First-degree relatives were associated with gastric cancer with 1.5-fold in this study. Previous case-control studies suggest that family history increases gastric cancer with 1.5- to 3.5-fold [28]. Our results that gastric cancer was positively related to age with a dose-dependent pattern, are similar to many previous studies. Past and current smoker was also associated with 1.2- and 1.5-fold, respectively. This result is similar to that in a Japanese case-control study [29]. Frequent drinking was also positively associated with gastric cancer in this study. It’s similar to a previous meta-analysis that the pooled RR is 1.20 for heavy drinkers compared with nondrinkers [30].

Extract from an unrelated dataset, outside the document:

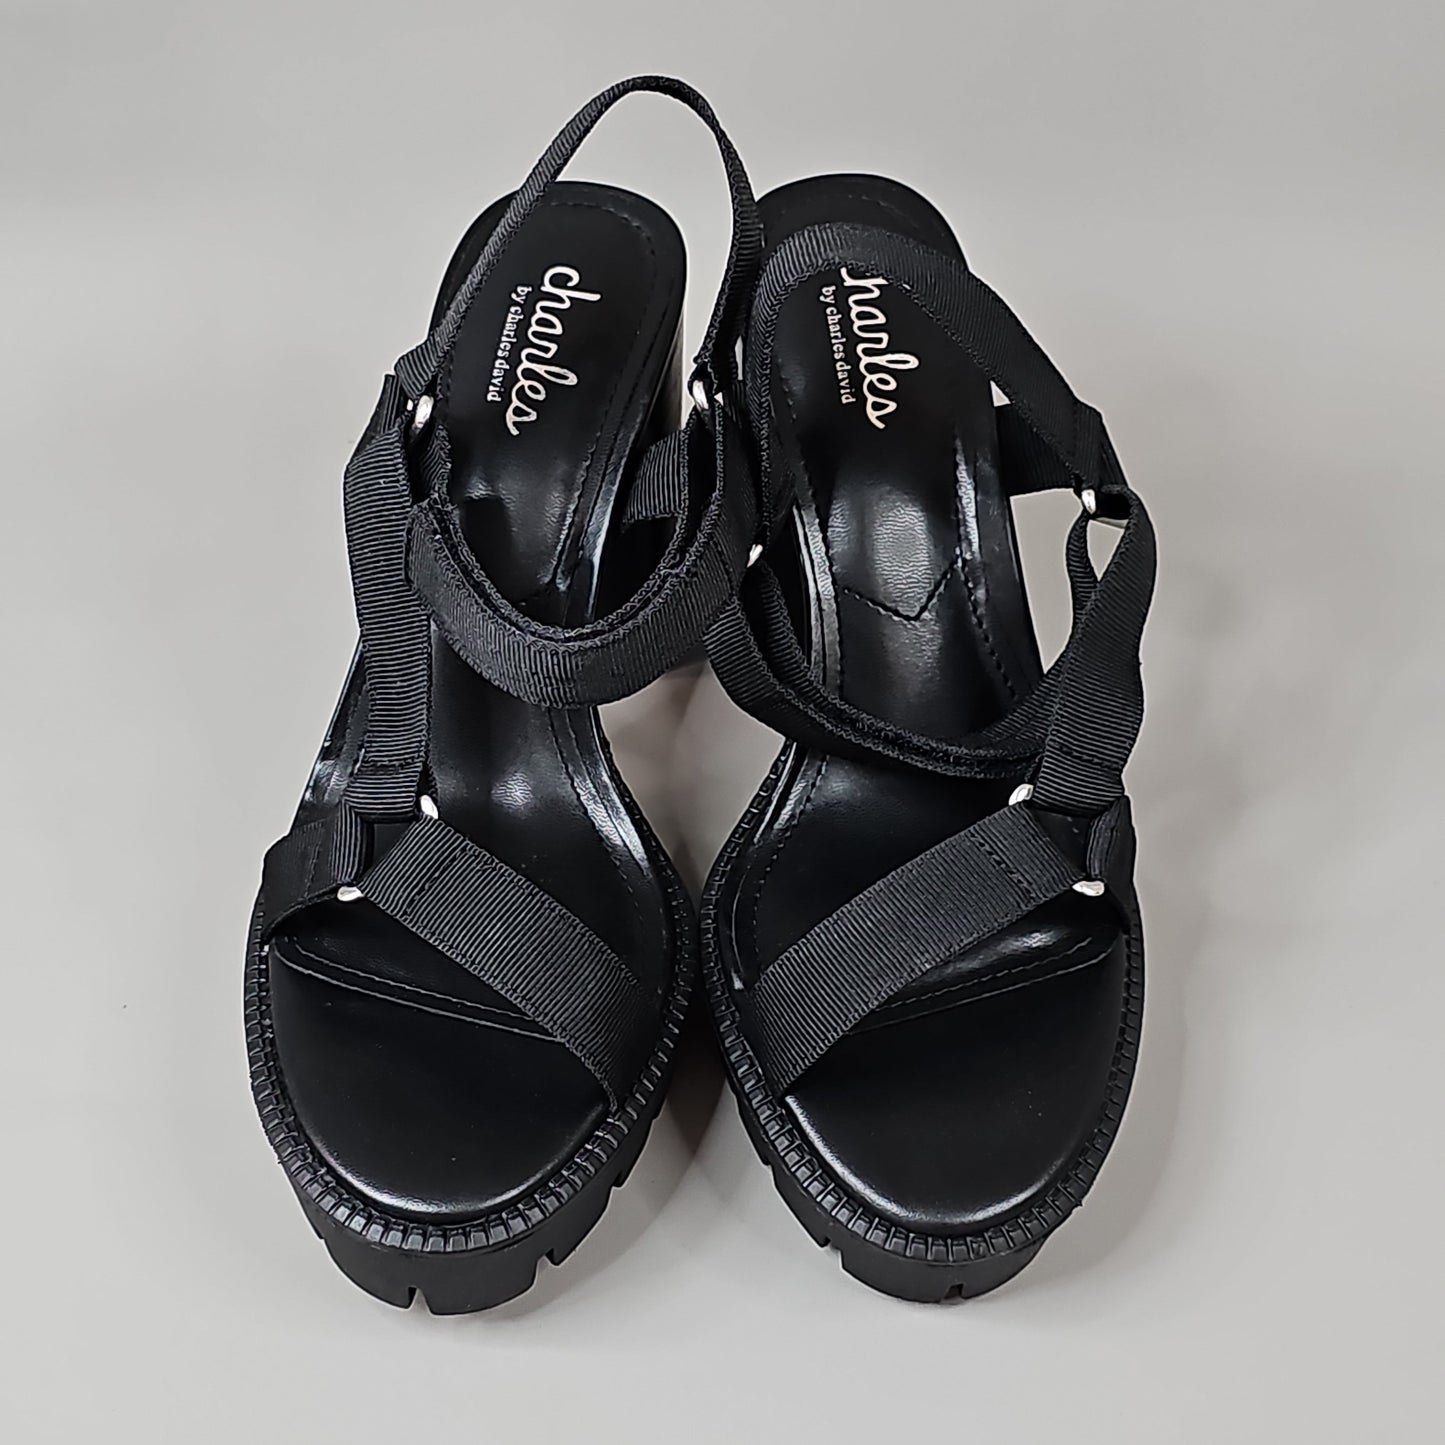 CHARLES BY CHARLES DAVID Women's Vast Sport Sandal Shoe Sz 5 M Black (New)

This study has considerable strengths. First, we used a large data, and the large size allowed us to investigate the sex-specific effects of HDL-C and hyperglycemia on gastric cancer. Second, we evaluated stage-specific effect of HDL-C on gastric cancer for the first time. Last, the quality of demographic and laboratory data is high because we used subjects who underwent both gastric cancer screening and general health examinations. Nevertheless, this study has several limitations. First, we did not consider Helicobacter pylori (H. pylori) and dietary factors. However, previous small studies considering H. pylori and metabolic factors [17,18] showed that the effect of HDL-C and hyperglycemia on overall gastric cancer was similar to the results in the current study. Dietary factors, such as high salt and low fruit consumption, have a moderate association with gastric cancer. Second, this study did not consider potential factors affecting metabolism; use of lipid lowering agents, type of medication in patients with diabetes mellitus, and duration of metabolic disease. Third, further analysis using different definition of HDL-C, for examples three categories (low, moderate, high) may strengthen the inverse association between HDL-C and gastric cancer. Last, this is a cross-sectional study and therefore this study cannot provide the causality. A large population-based cohort study is needed to estimate the causal effect of HDL-C on the risk of gastric cancer.
In conclusion, low HDL-C and hyperglycemia were associated with gastric cancer in a large population-based study. In sex-specific analysis, low serum HDL-C and hyperglycemia were constantly associated with gastric cancer regardless of sex and stage. The constant positive relationship of low HDL-C with gastric cancer suggests that it needs to be considered as a risk factor. Further studies are needed to investigate the modulating effect of low HDL-C on gastric cancer development.
Supplementary Material
Acknowledgements
This work was supported by the National R&D Program for Cancer Control, Ministry of Health & Welfare, Republic of Korea (1631100) and the National Research Foundation, Republic of Korea (NRF-2015R1D1A1A01059219). The funders had no role in the design and conduct of the study; collection, management, analysis, and interpretation of the data; preparation, review, or approval of the manuscript.
Notes
No potential conflict of interest relevant to this article was reported.